Data below.
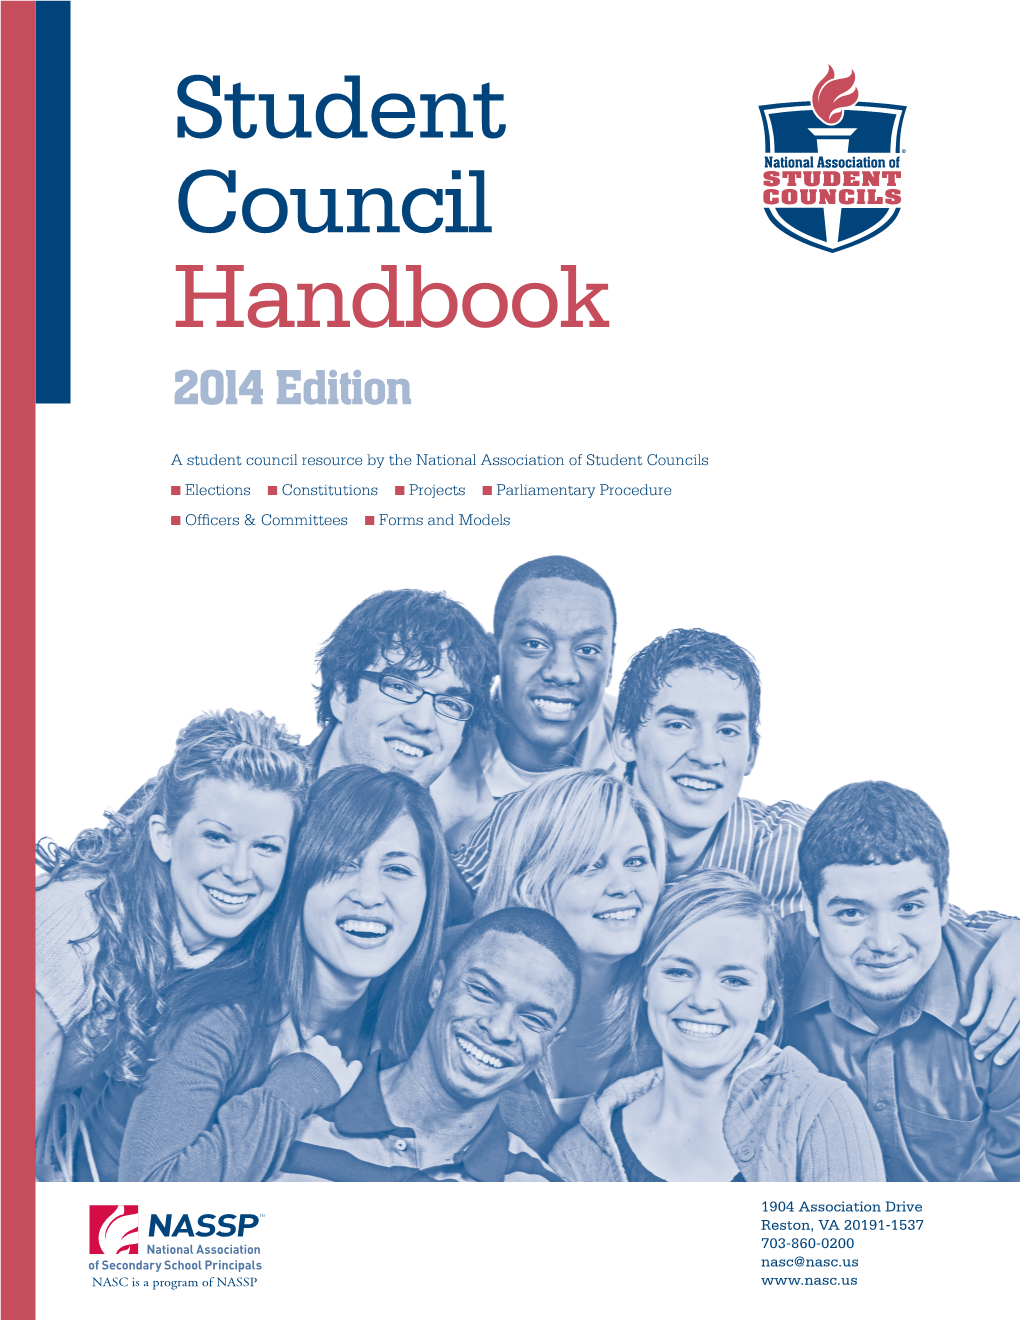 Student Council Handbook 2014 Edition
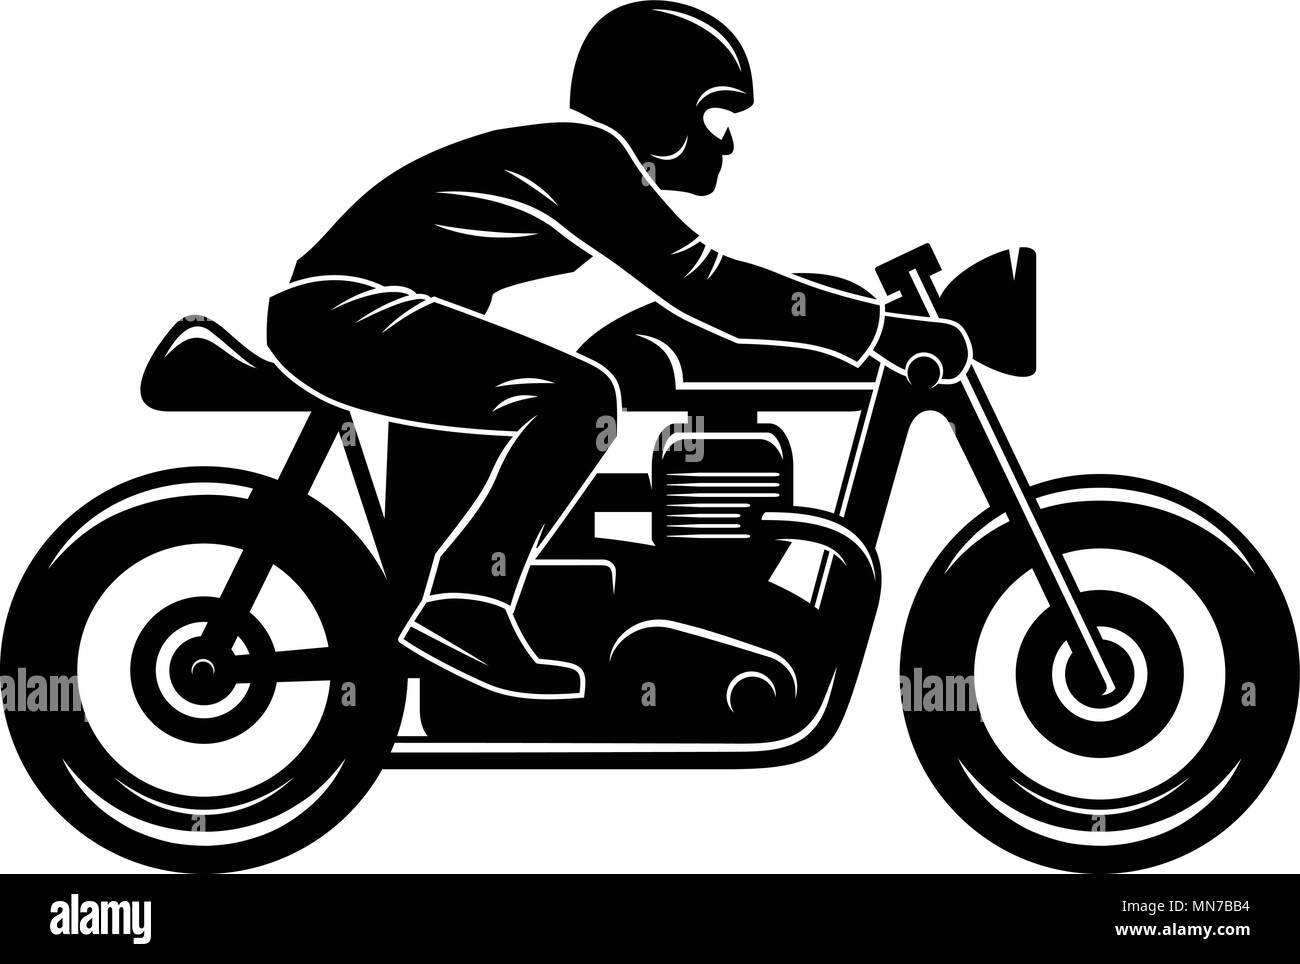 Café Racer Silhouette auf Weiß/Motorradfahrer/Vintage t-shirt Graphic Design/Tee graphics Stock Vektor
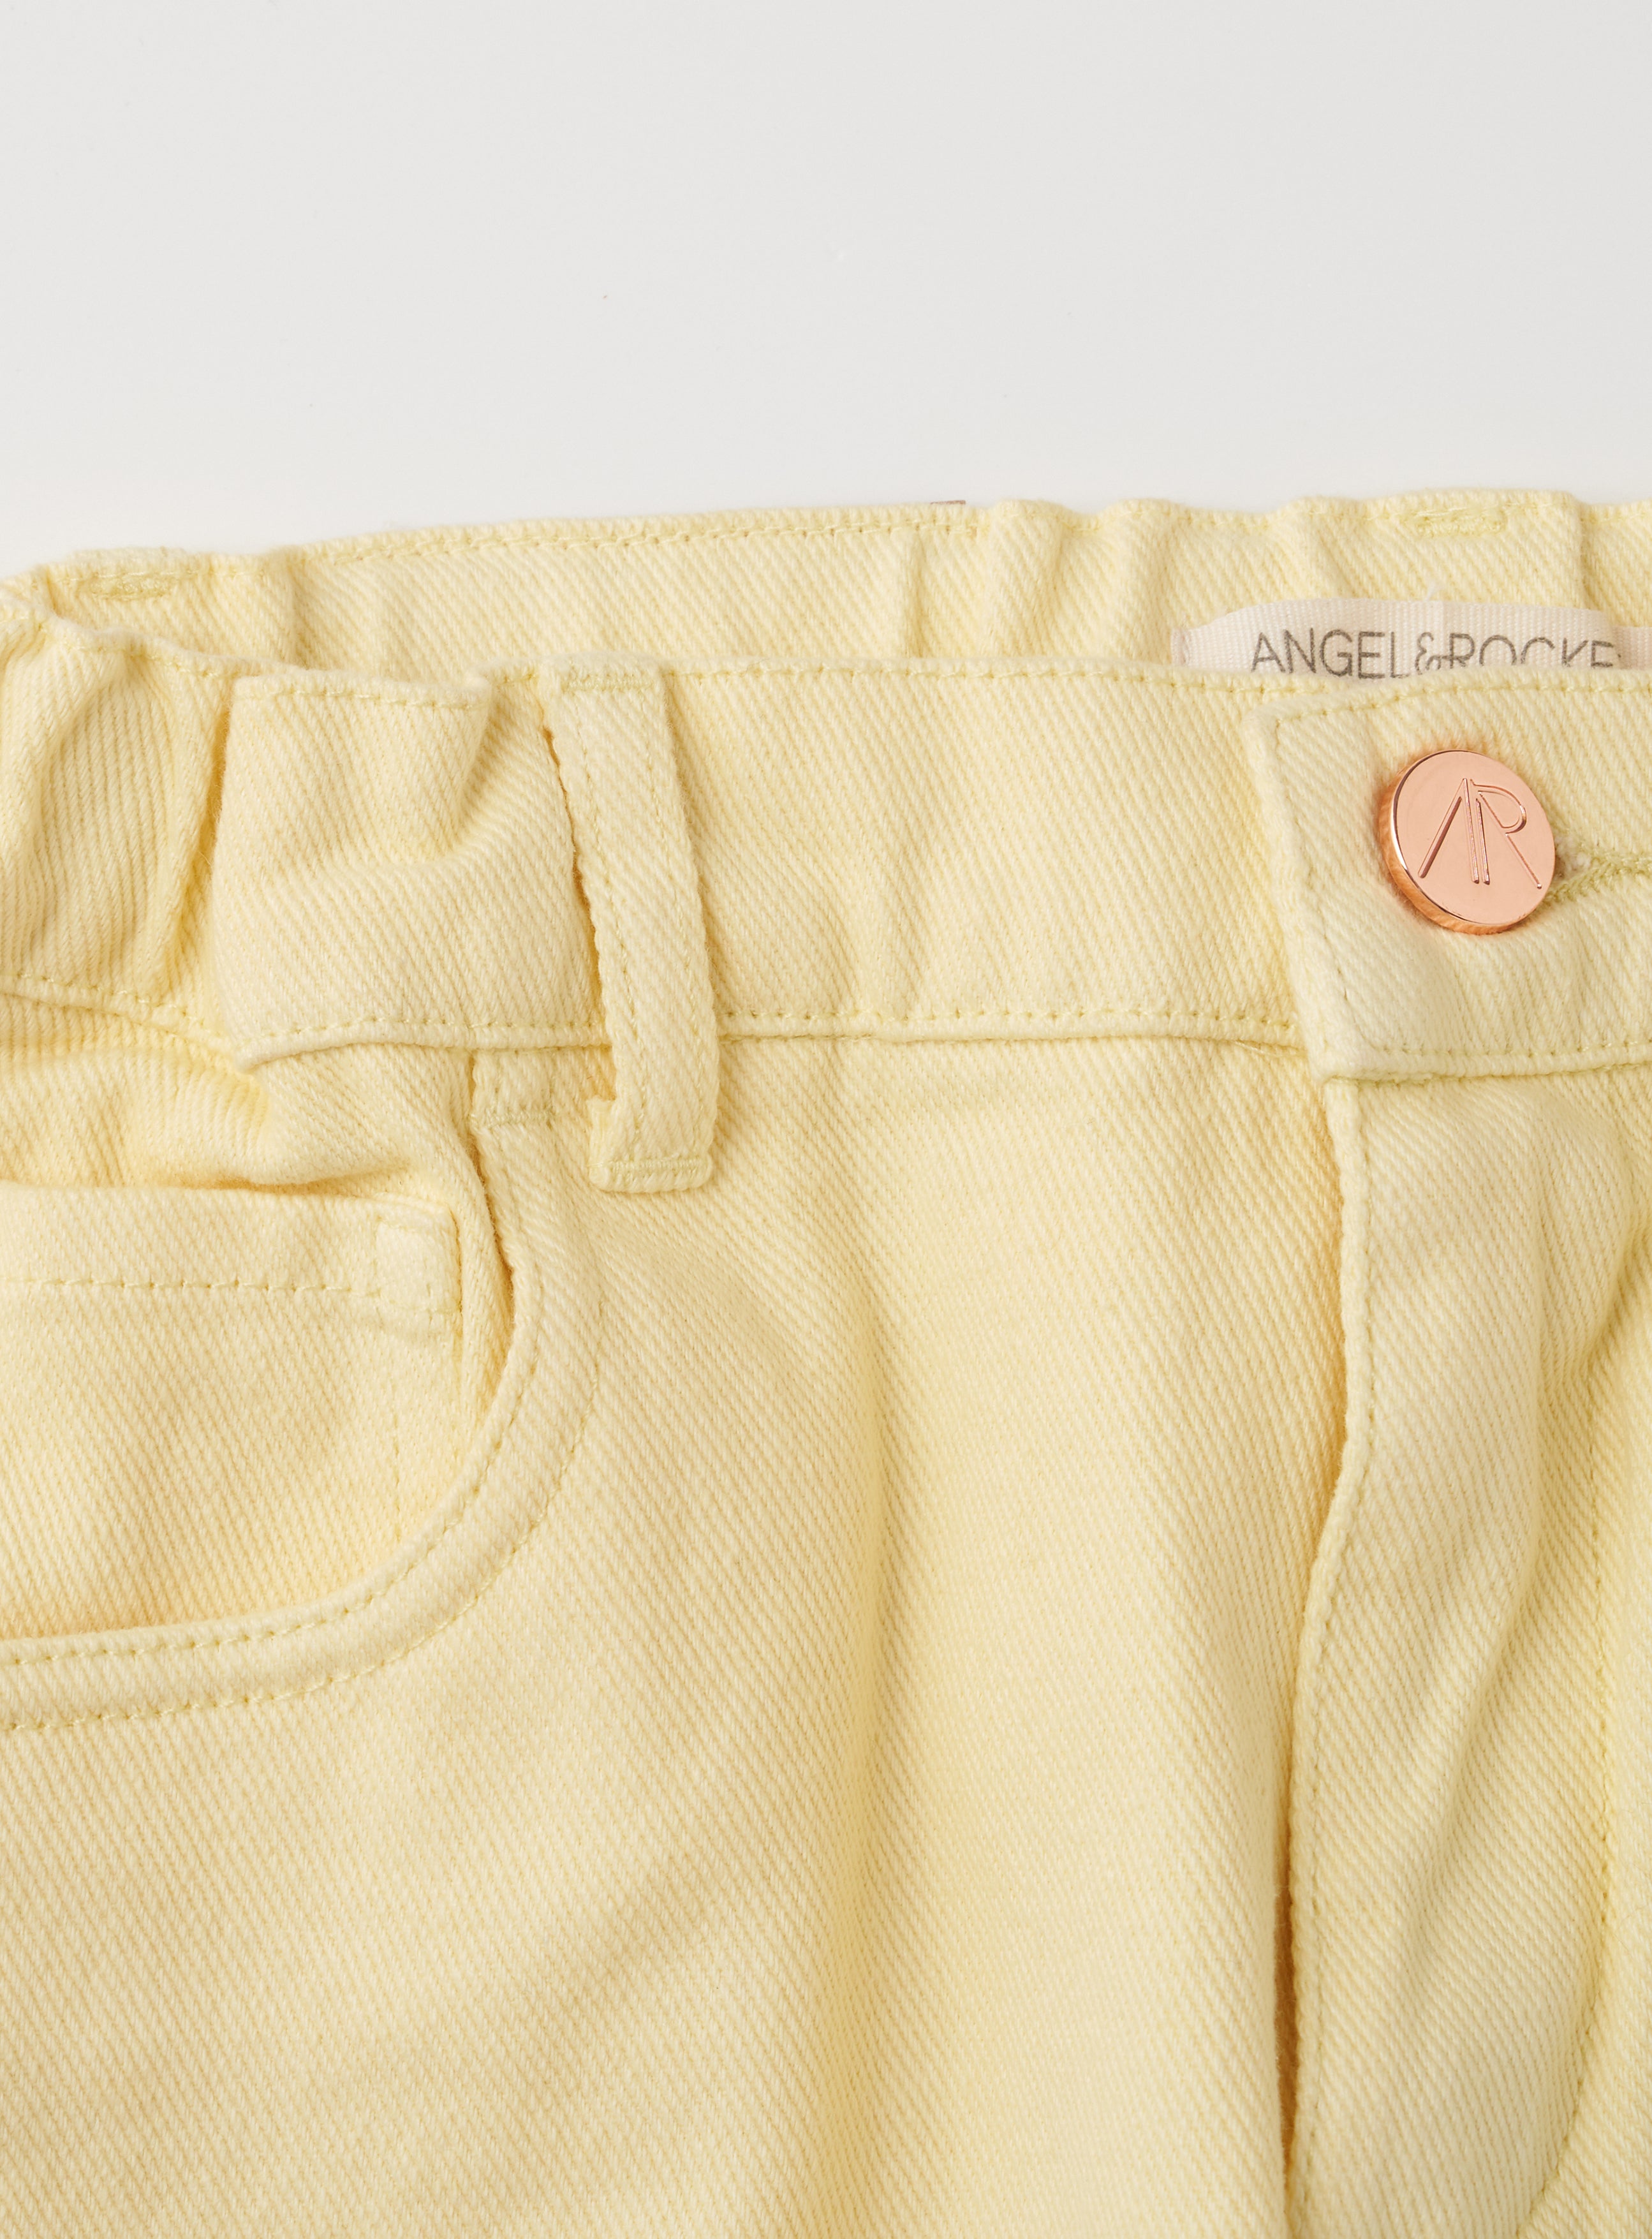 Girls Solid Yellow Smart Denim Pants

Your instructions. Return the listing verbatim, pictures excluded.

Task solution.
 Student Council Handbook 2014 Edition
 Café Racer Silhouette auf Weiß/Motorradfahrer/Vintage t-shirt Graphic Design/Tee graphics Stock Vektor
 Girls Solid Yellow Smart Denim Pants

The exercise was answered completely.